EXERCISE DETAILS: Find "360 view of Nike Cortez 3D model" in the material below, then write out that line and every line after it exactly, ending with the last one; skip the pictures.

PROVIDED MATERIAL:
------

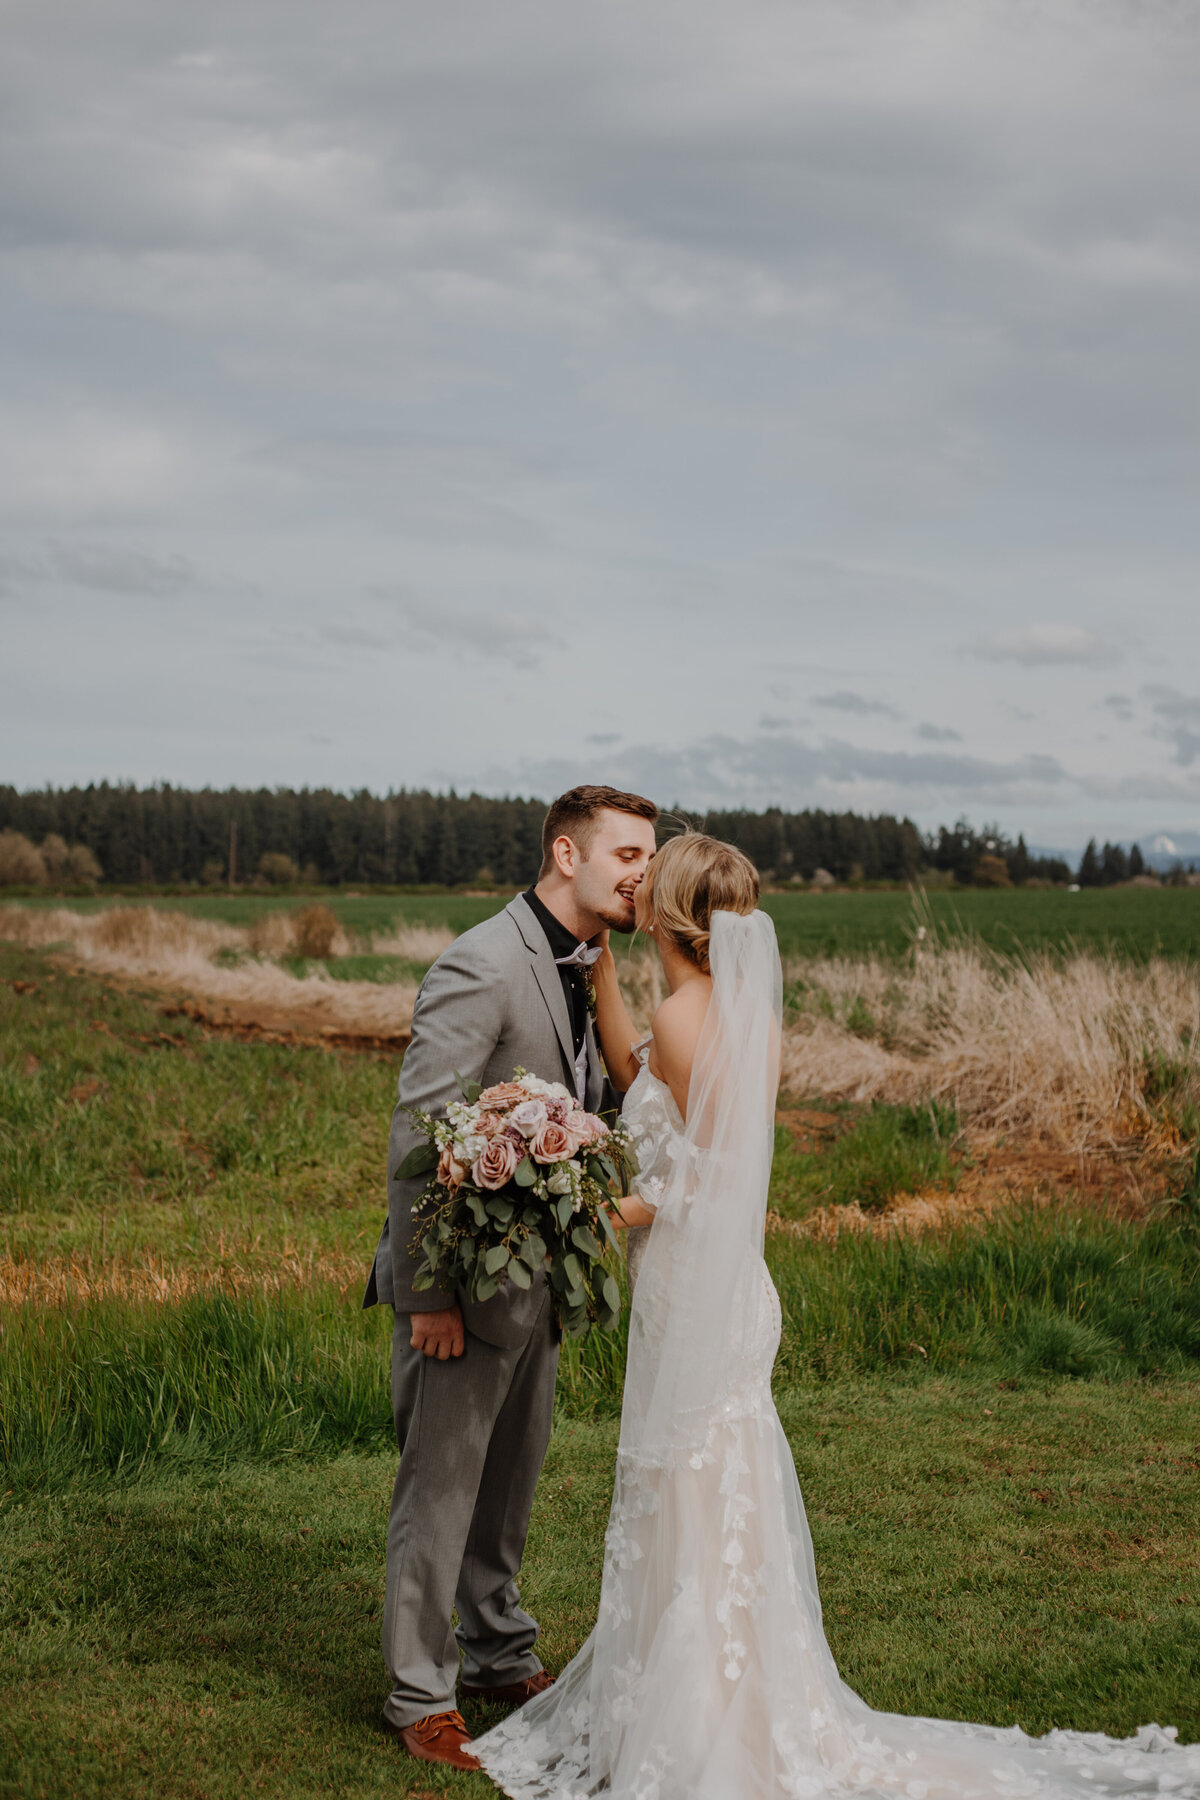 Bride and groom kissing in a grassy field
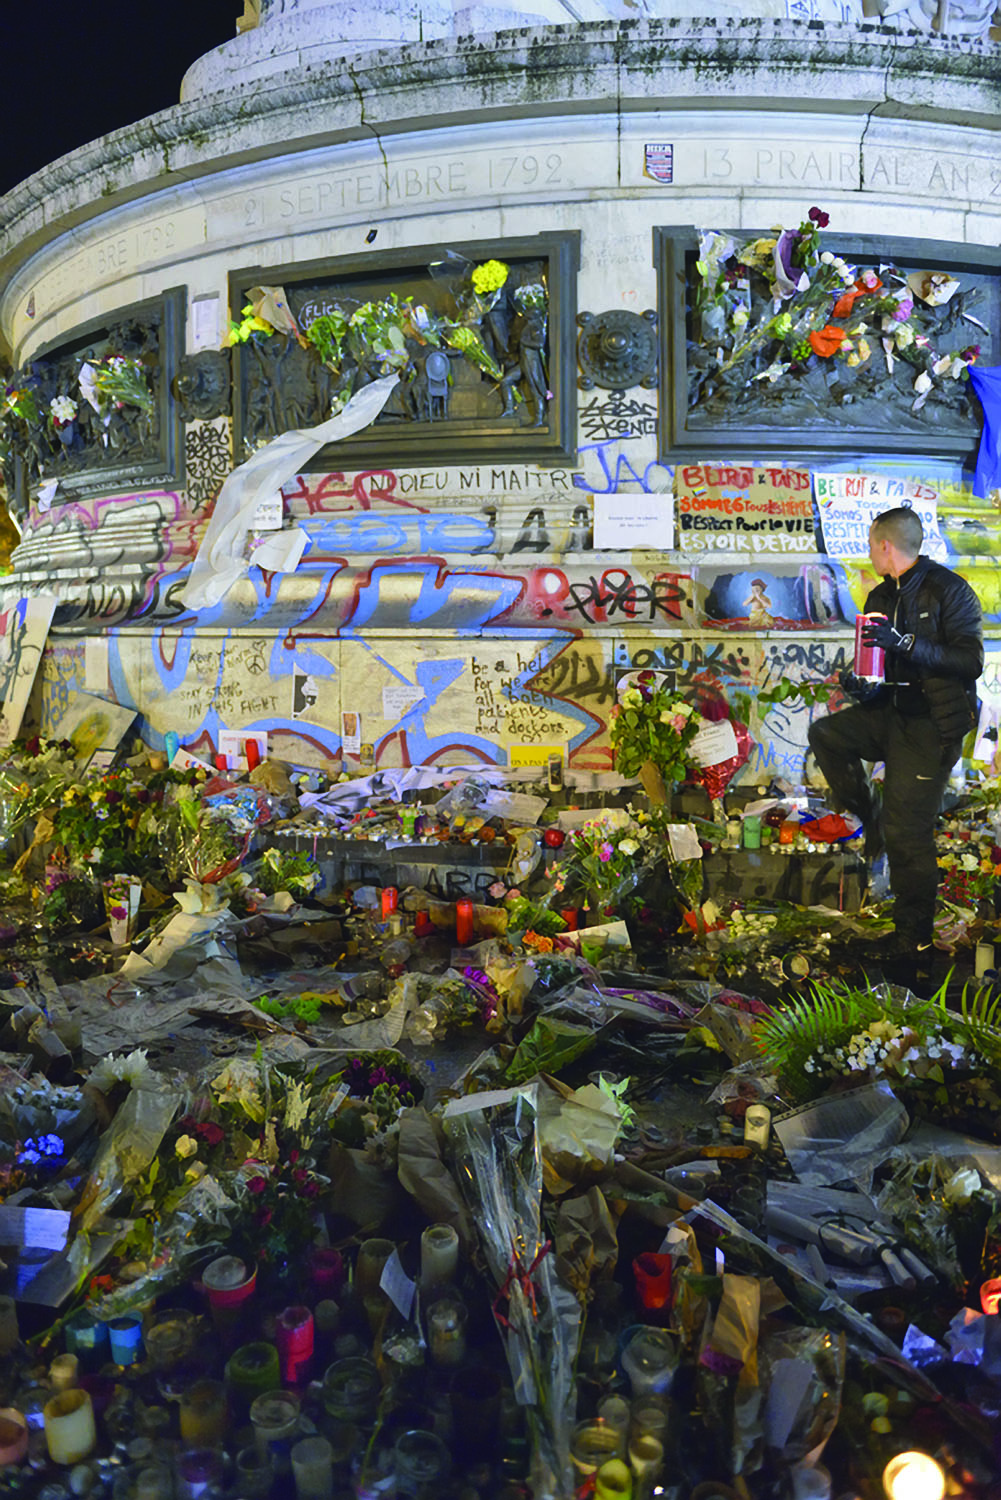 Messages and floral tributes commemorate the victims of terrorism
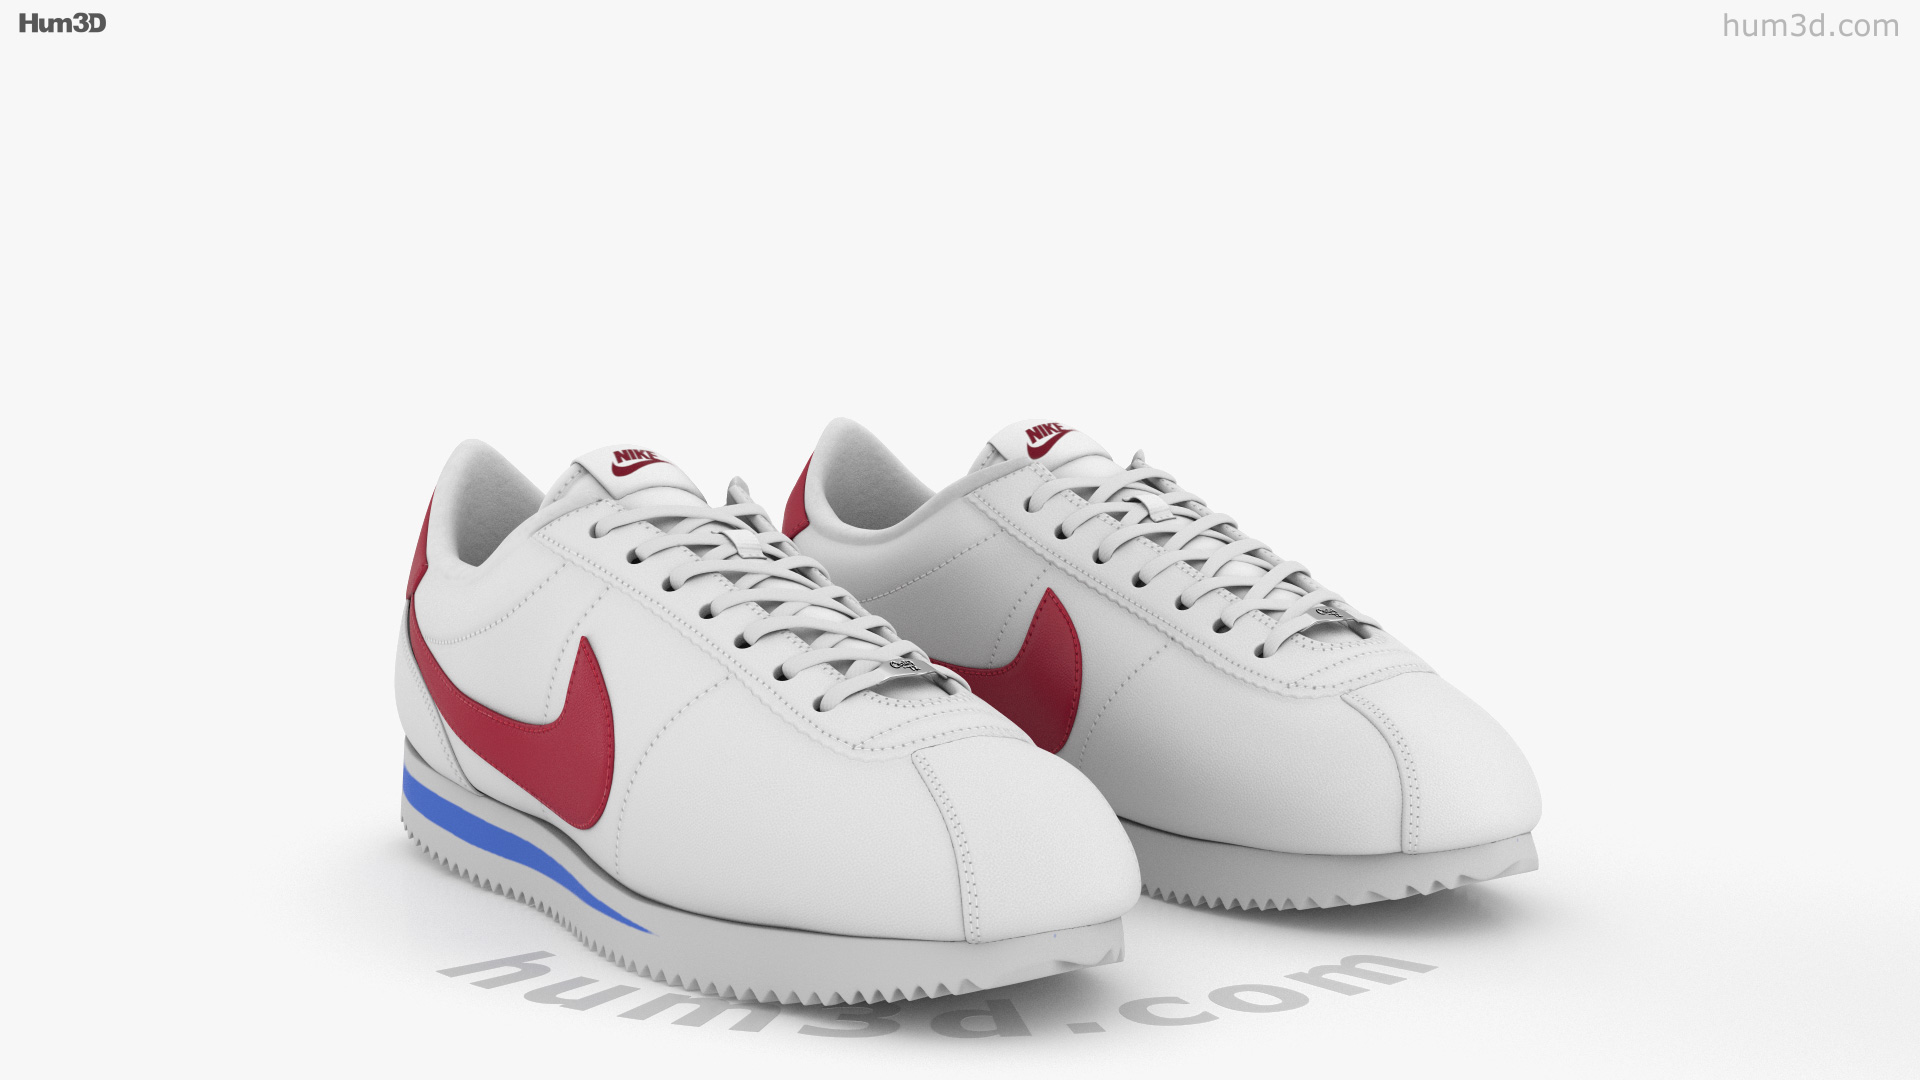 360 view of Nike Cortez 3D model 
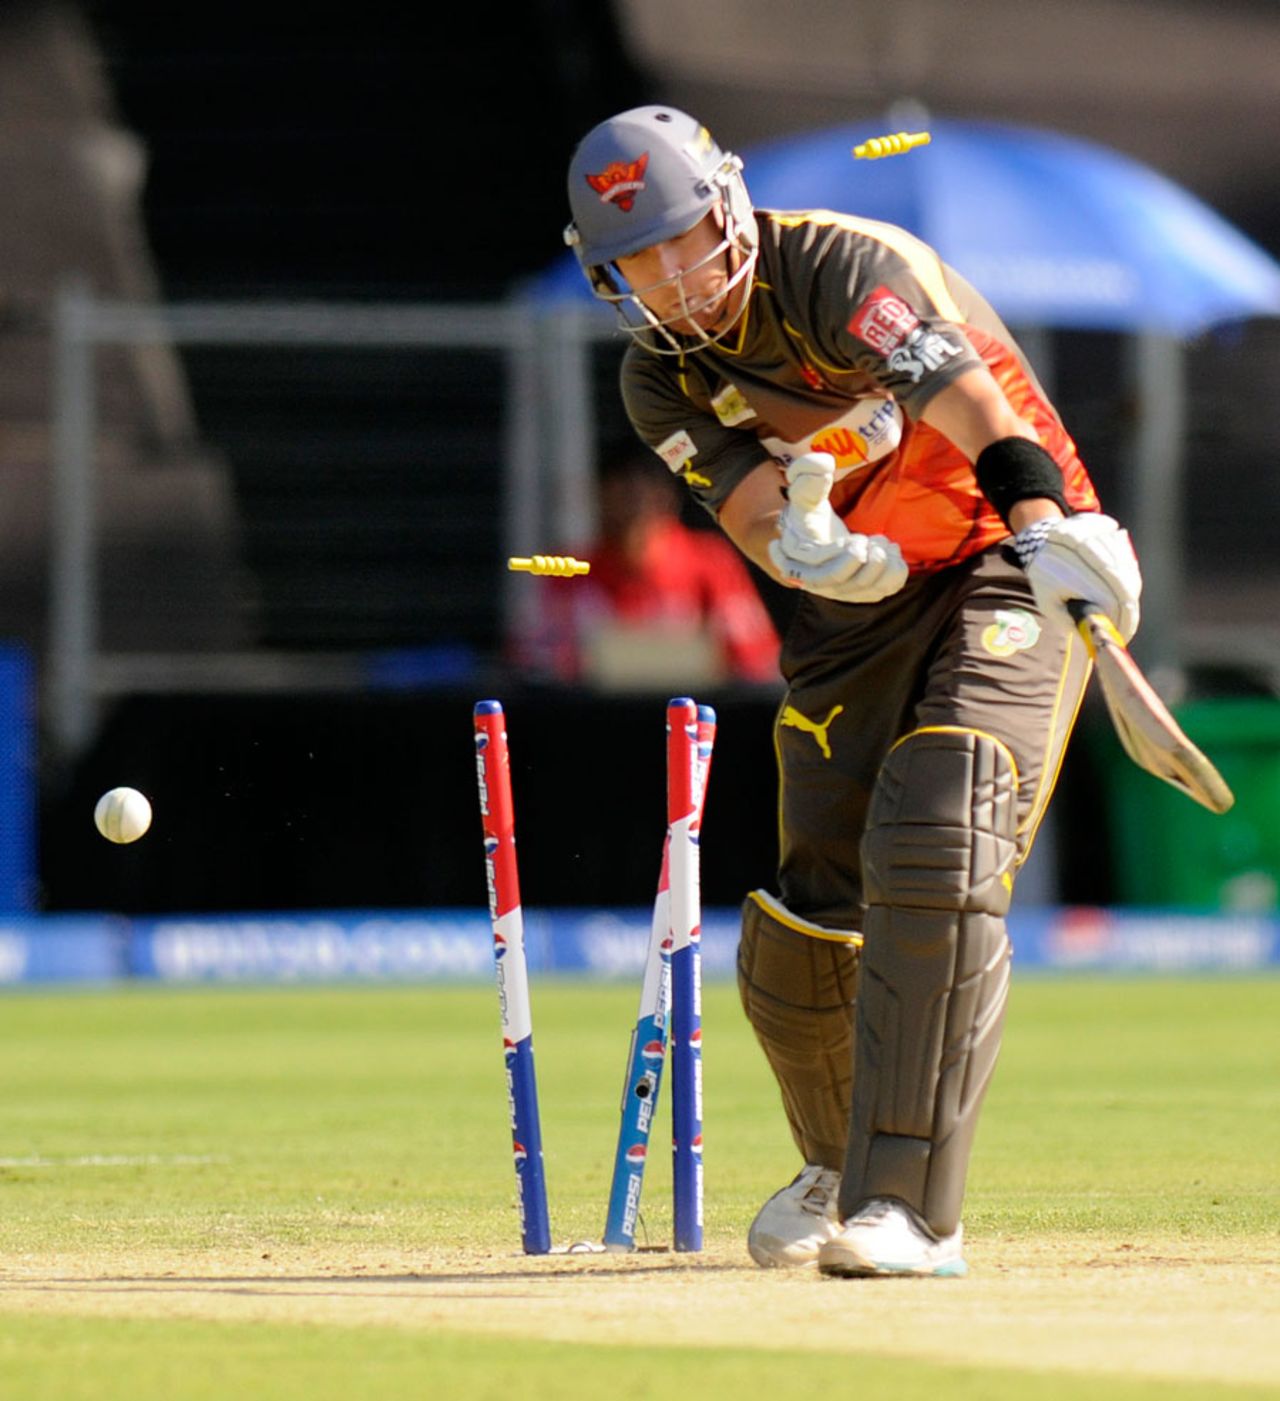 Cameron White is bowled by an inswinging delivery, Pune Warriors v Sunrisers Hyderabad, IPL, Pune, April 17, 2013

------

ANSWER BOX:
 360 view of Nike Cortez 3D model 
 Cameron White is bowled by an inswinging delivery, Pune Warriors v Sunrisers Hyderabad, IPL, Pune, April 17, 2013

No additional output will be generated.